Sample characteristics are reported using means, standard deviations, and frequency distributions. Wilcoxon‐Mann‐Whitney tests were used to investigate univariate associations between patient characteristics and impulse dyscontrol symptoms. Linear mixed effect (LME) models were used to assess if impulse dyscontrol was associated with DTI parameters. White matter regions included in this analysis were the cingulum, cingulum (hippocampus), fornix, superior fronto‐occipital fasciculus, inferior fronto‐occipital fasciculus, and the uncinate fasciculus. Fixed effects included impulse dyscontrol, regions, impulse dyscontrol by regions, disease status, age, sex, psychotropic drug use, and education. Random effects included the hemisphere of the structure (left/right) and subjects. In the LME models, our primary predictors of interest were impulse dyscontrol, white matter regions, and impulse dyscontrol by regions. Similar analyses were conducted to test if impulse dyscontrol presence was related to volumetric measures, where regions included the hippocampus, caudal and rostral anterior cingulate, amygdala, parahippocampal gyrus, and the medial orbitofrontal cortex. Simple effect of MBI on the ROIs after LME modeling are reported.

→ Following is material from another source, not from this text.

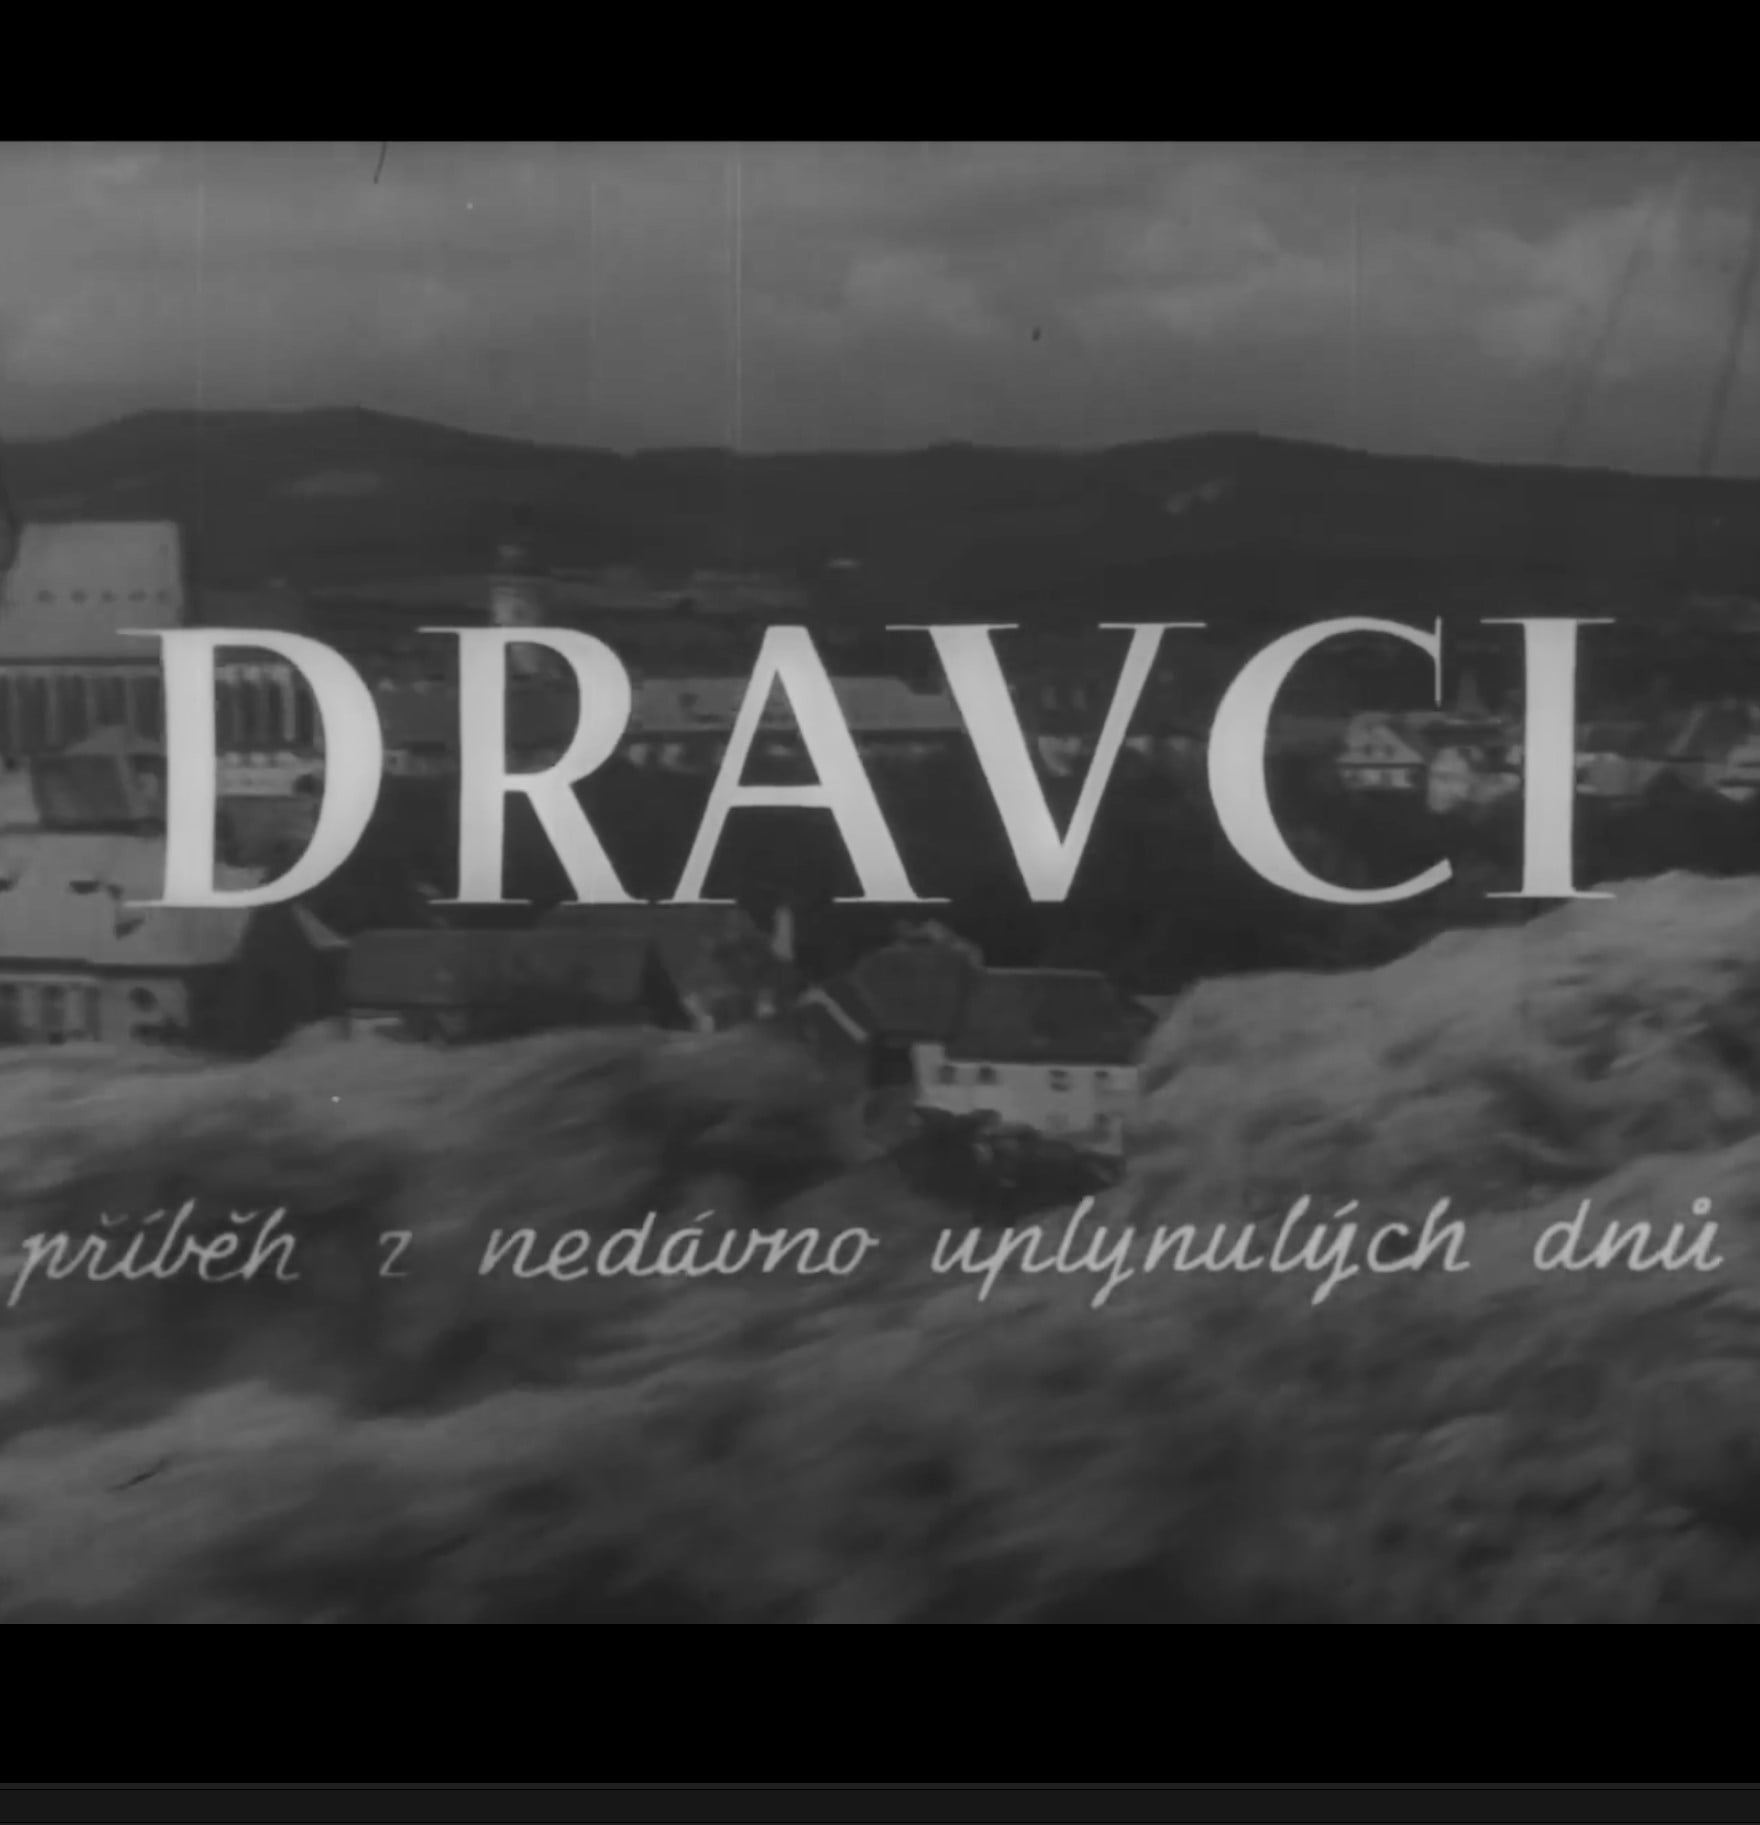 Plakát pro film “Dravci”

With seven different LME models in total (4 for DTI, 3 for volumetric measures), significance level was adjusted to 0.01 (instead of 0.05) to minimize inflation in type 1 error. The analyses were conducted in SAS v9.4.

RESULTS

Impulse dyscontrol (presence of any items in the impulse dyscontrol domain) was present in 17% of the individuals with NC, 43% with MCI, and 66% with AD. Table 1 shows the demographic characteristics and cognitive test scores in individuals with or without symptoms of impulse dyscontrol. Across the impulse dyscontrol groups, there were no significant differences with the exception of diagnostic status (p < 0.01), wherein worse cognitive diagnostic status was associated with the presence of impulse dyscontrol. Notably, there were more males with impulse dyscontrol symptoms than females. Additionally, there were more individuals with impulse dyscontrol symptoms that were using psychotropic medications.

TABLE 1

Demographic characteristics and cognitive test scores across groups

	Total sample (n = 203)	Impulse dyscontrol symptoms absent (n = 123)	Impulse dyscontrol symptoms present (n = 80)	p‐value
Age (M, SD)	73.30 (6.67)	73.30 (6.66)	73.30 (6.75)	0.59
Education (M, SD)	16.10 (2.71)	16.10 (2.82)	16.00 (2.56)	0.74
Female (n, %)	92 (45.32)	64 (69.60)	28 (30.40)	0.021
Diagnostic status (n, %)
NC	70 (34.48)	58 (82.86)	12 (17.14)	<001
MCI	95 (46.80)	52 (54.74)	43 (45.26)
AD	38 (18.72)	13 (34.21)	25 (65.79)
ADNI_MEM (M, SD)
NC	1.09 (0.62)	1.03 (0.63)	1.39 (0.45)	0.04
MCI	0.22 (0.59)	0.21 (0.57)	0.24 (0.62)	0.97
AD	−0.82 (0.48)	−0.86 (0.47)	−0.80 (0.49)	0.63
ADNI_EF (M, SD)
NC	0.87 (0.74)	0.83 (0.77)	1.04 (0.58)	0.42
MCI	0.17 (0.79)	0.15 (0.74)	0.18 (0.86)	0.82
AD	−0.87 (0.93)	−1.04 (1.05)	−0.79 (0.87)	0.44
Psychotropic medication use (n, %)	52 (25.62)	25 (20.33)	27 (33.75)	0.03

Abbreviations: AD, AD‐dementia; ADNI_EF, executive functioning composite score; ADNI_MEM, memory composite score; M, mean; MBI, mild behavioral impairment; MCI, mild cognitive impairment; NC, normal cognition; SD, standard deviation.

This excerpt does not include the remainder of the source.